The Rules, Part LXVIII
Picture Credit: m.robersonart || “When You Come to a Fork in the Road, Take It” attributed to Yogi Berra
Limit the timing of a person’s choice, and the person will think about choosing.
In 1992, I went to work in the Pension Division of Provident Mutual. It was a time of change as more and more pensions were being structured as defined contribution [DC] plans. Old products structured for defined benefit [DB] plans were being replaced at a slow rate. Immediate Participation Guarantee products were giving way to Guaranteed Investment Contracts, which would quickly give way to Synthetic Guaranteed Investment Contracts.
And for variable accounts, insurers were trotting out separate account products to try to challenge mutual fund companies as they competed for the business 401(k)s and other DC plans. Now old methods die hard. Many of the group annuities marketed to DC plans still had DB style features, which limited the number of times NAVs were calculated, and/or trading from one fund to another, which could only happen when NAVs were calculated.
As time went on NAVs were calculated with greater frequency, moving from annual, to quarterly, to monthly, to daily. Trading ability moved in lockstep, though some firms limited the total number of trades in a year that any participant could make.
And then a strange thing happened.

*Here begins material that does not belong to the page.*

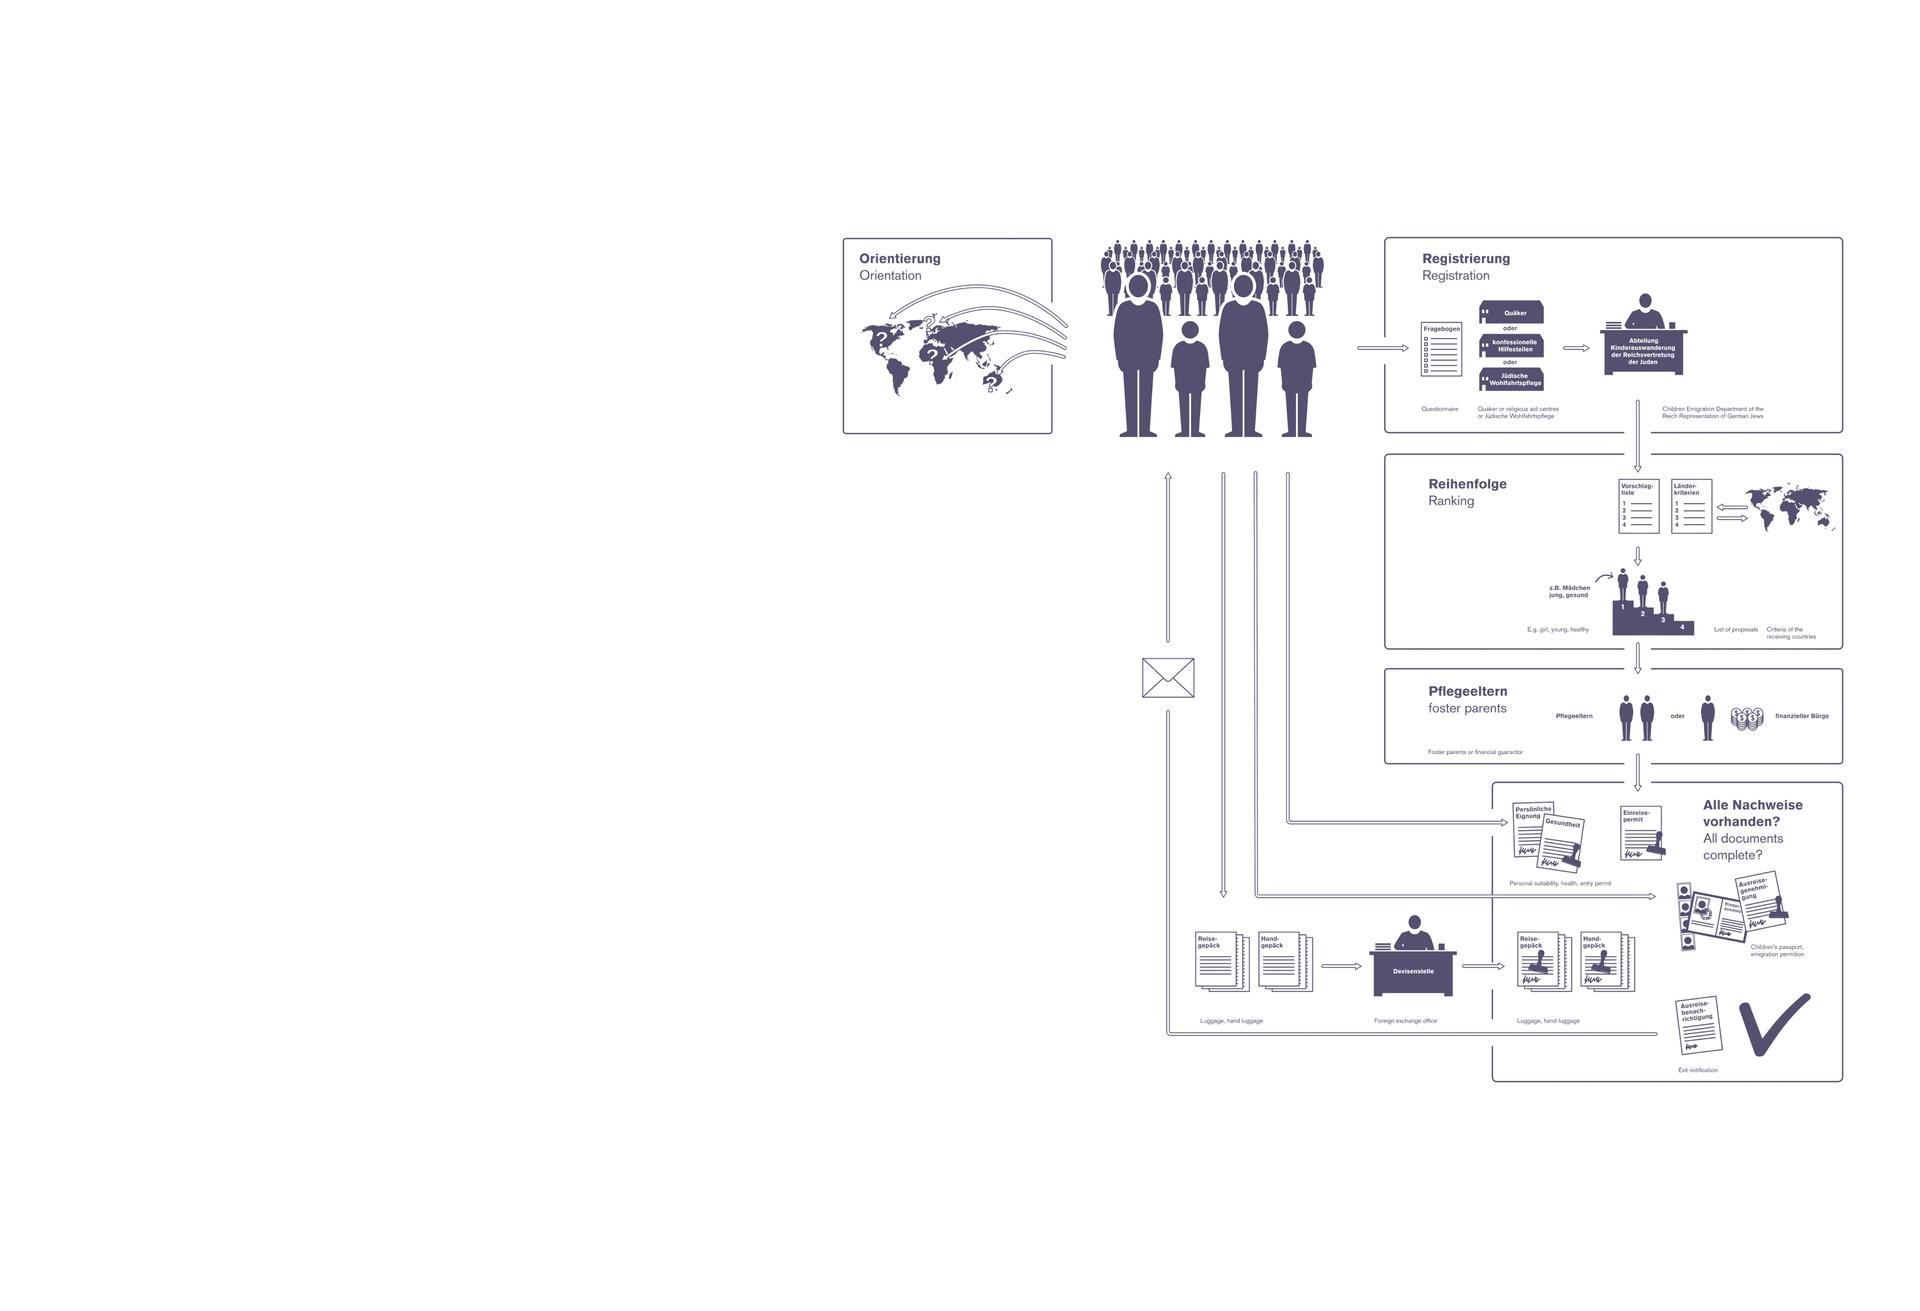 Bürokratie_test.jpg

When it was annual many people traded on the day it could be done. Moving to quarterly and monthly, not only did the percentage of people trading drop, the absolute amount dropped as well. Moving to daily, it was almost like people stopped trading. Because they could do it at any time, they stopped worrying about it and did not trade much until a panic hit. (Aside: when it moved to daily, a small group of people did trade frequently, but the grand majority would do nothing, or maybe do one rebalancing trade per year if they were disciplined.
Now, this applies in a number of other areas. Often companies want people to forget that they are paying them for service. This applies to many financial products where fees are paid on a daily basis. It’s tiny on any given day, but adds up over time. If a financial advisor offers direct billing, it is definitely more noticeable when you pay it quarterly.

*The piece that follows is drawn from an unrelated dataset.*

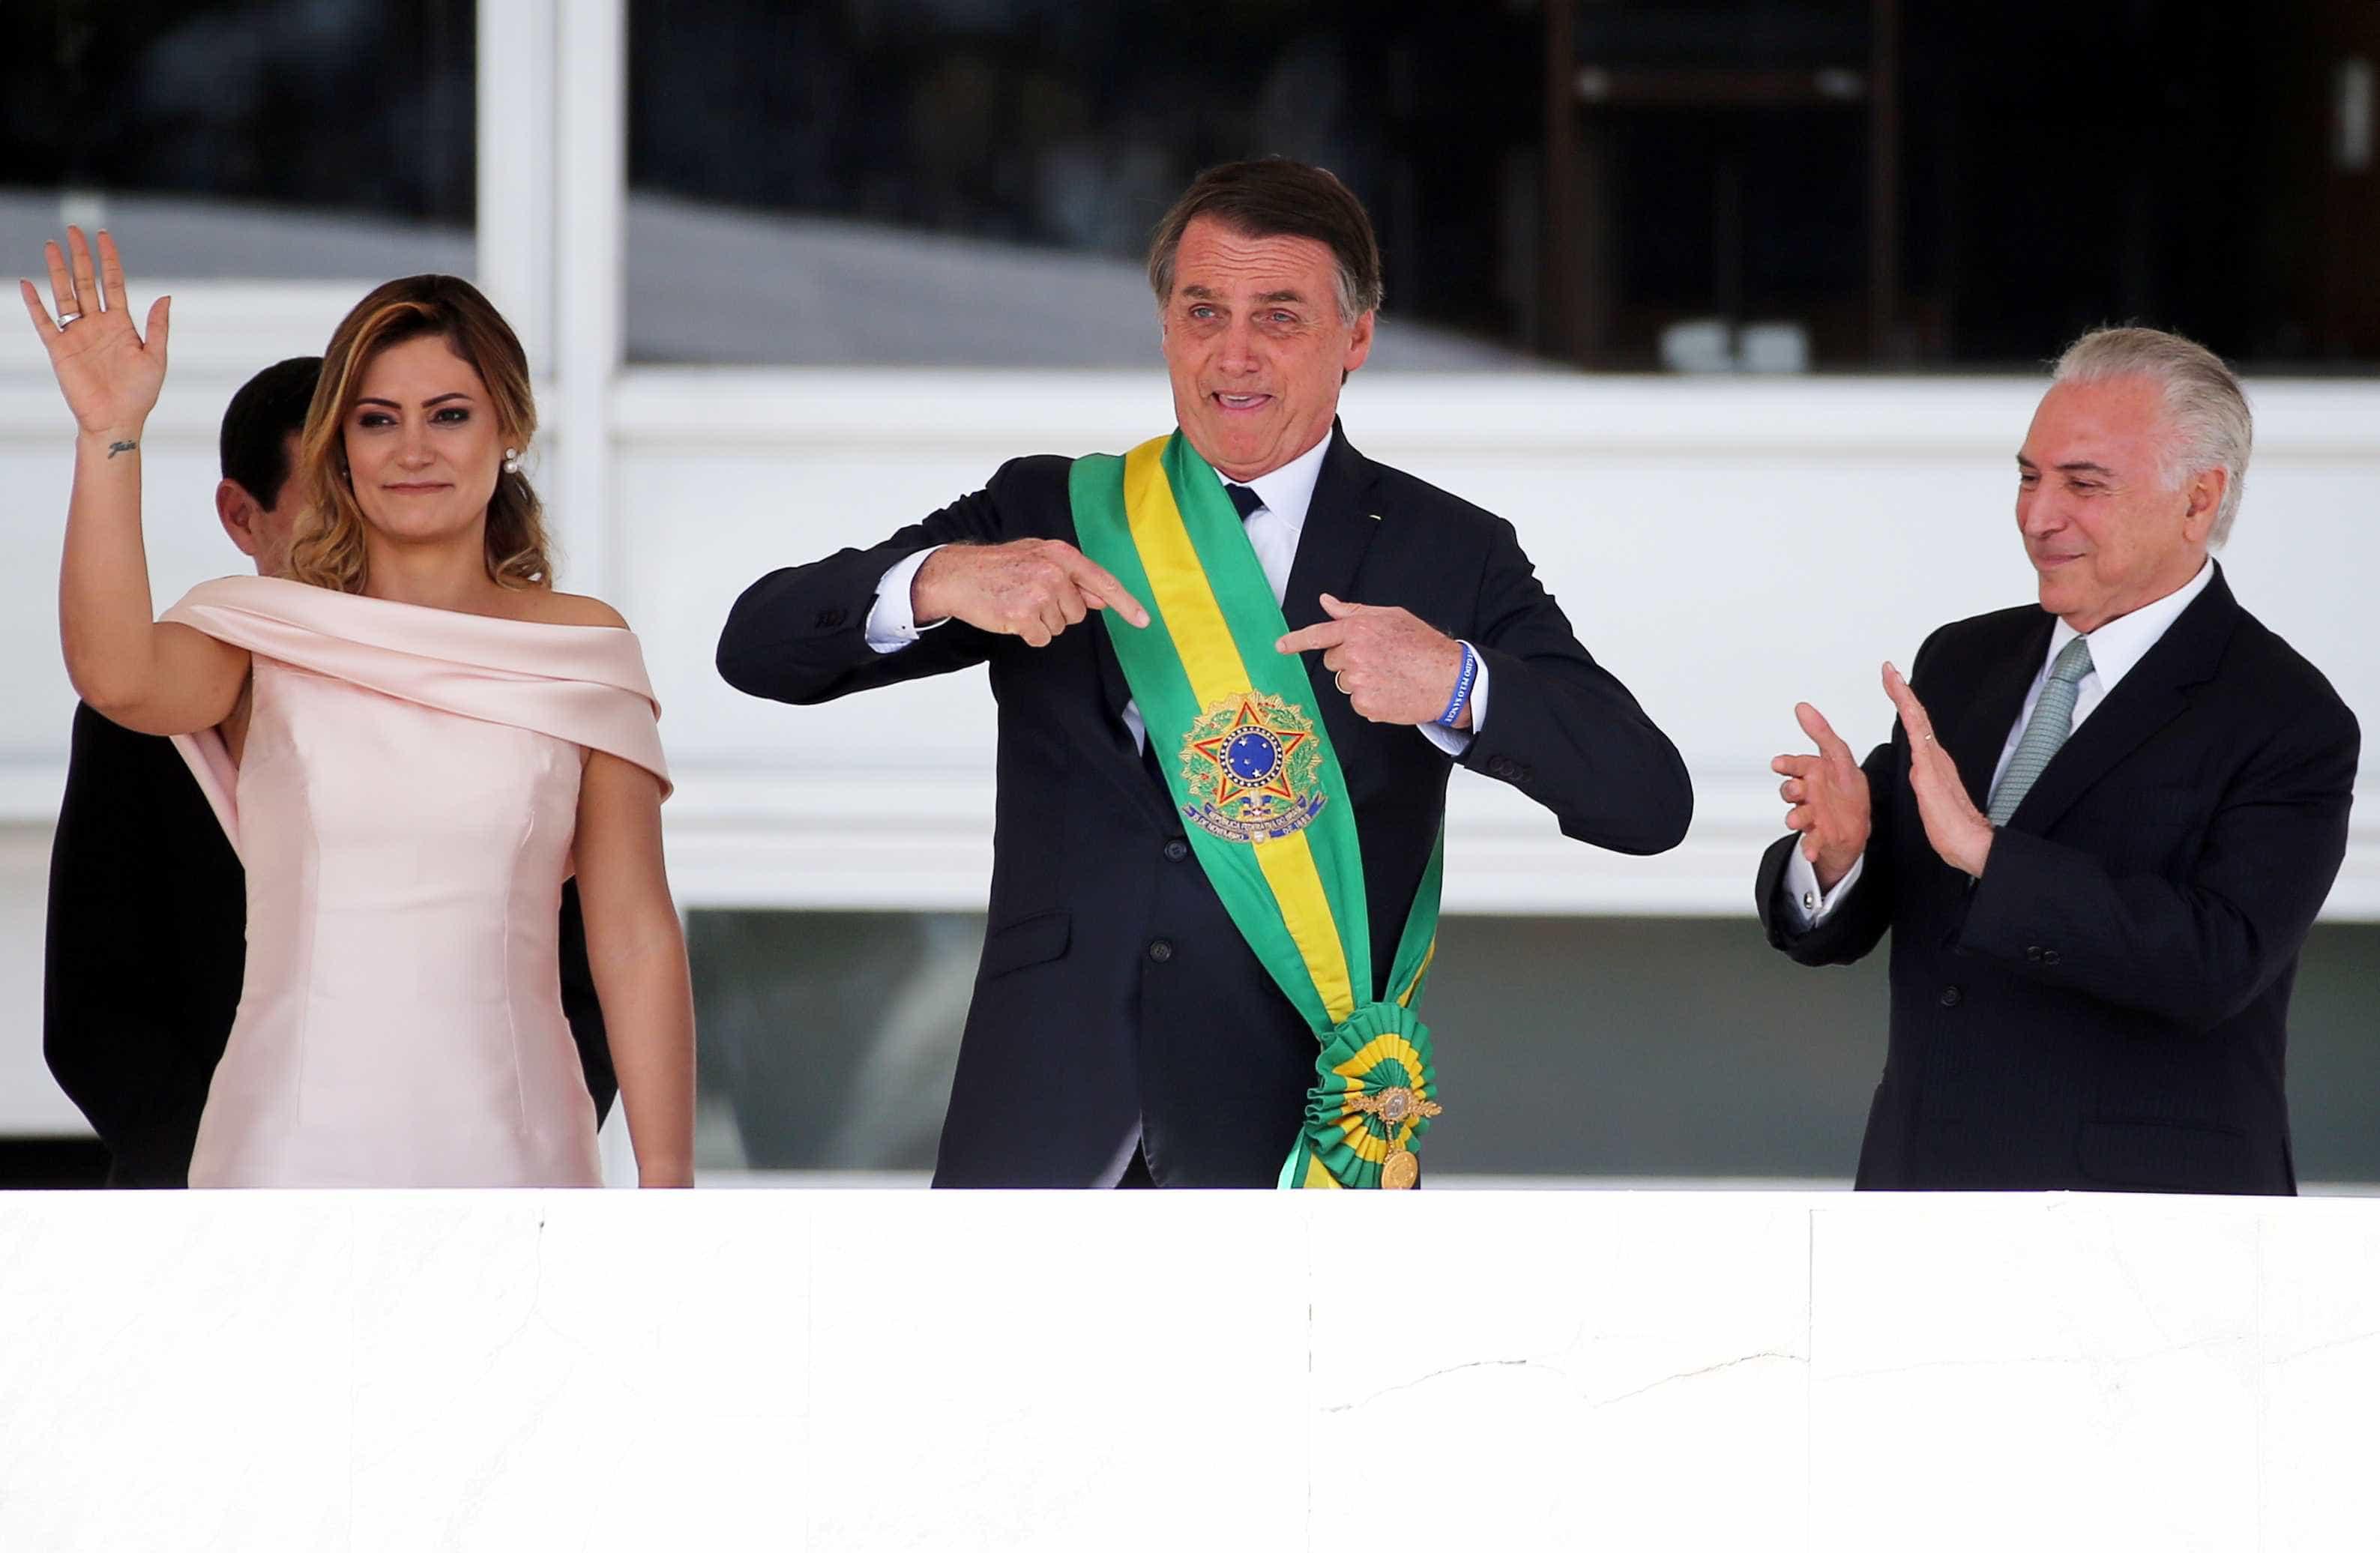 Pulseira que Bolsonaro usou na posse dizia: 'Protegido pelo sangue'

Other companies want you to pay them on an auto-renewing basis. They may even offer a discount for doing it. I don’t like auto-renew, and so if I do it, I put a tickler note on my calendar to consider non-renewal one month before renewal.
Other companies want you to pay automatically from your credit card or bank account. They don’t want you to think about the money you are sending them. Even though it is a minor hassle to write checks for things, paying for them personally makes you think about the product or service, and whether you think you are getting value for your money.
Service contracts for HVAC equipment can be like that as well. Any sufficiently complex service has some stickiness to it, and you have to plan in advance to replace it. Notes in the tickler file help to get you ready for the renewal dates. This year, for the first time in 10 years, I bid out my E&O coverage. And as I have said before:
“For those that are short on time, my basic advice is this: bid out your auto, home, umbrella and other personal lines property & casualty insurance policies once every three years, or after every significant event that changes your premium significantly.”
Bid Out Your Personal Insurance Policies!
The insurance companies count on the fact that you are asleep to raise your rates at renewal. And, for those that buy deferred annuity products (don’t do it), I can tell you that agents keep their own tickler file of the date that the surrender charge goes to zero. Then they call the policyholder up, saying they have a much better policy for them. I can tell you that the single most important factor in annuity surrender is the end of the surrender charge period. In the two years following it going to zero, 30-40% will surrender, and go to a new annuity, where they are locked in for another surrender charge period. The only winner is the agent. Both the policyholder and company would be better off if they didn’t surrender.
But life insurance products are sold, not bought, for the most part. The policyholder is probably better off saving something, rather than not saving.
My simple advice to you is take a look at your finances, and think about the places where you money is leaving you quietly. Then make a plan to evaluate every every product and service that is auto-paid, and ask whether you can do better — lower cost, better quality, or even “I don’t need that anymore.” Sometimes you might even find fraud. If you aren’t thinking, and defending your finances, product and service providers will find ways to quietly take advantage of you. Don’t be an easy target.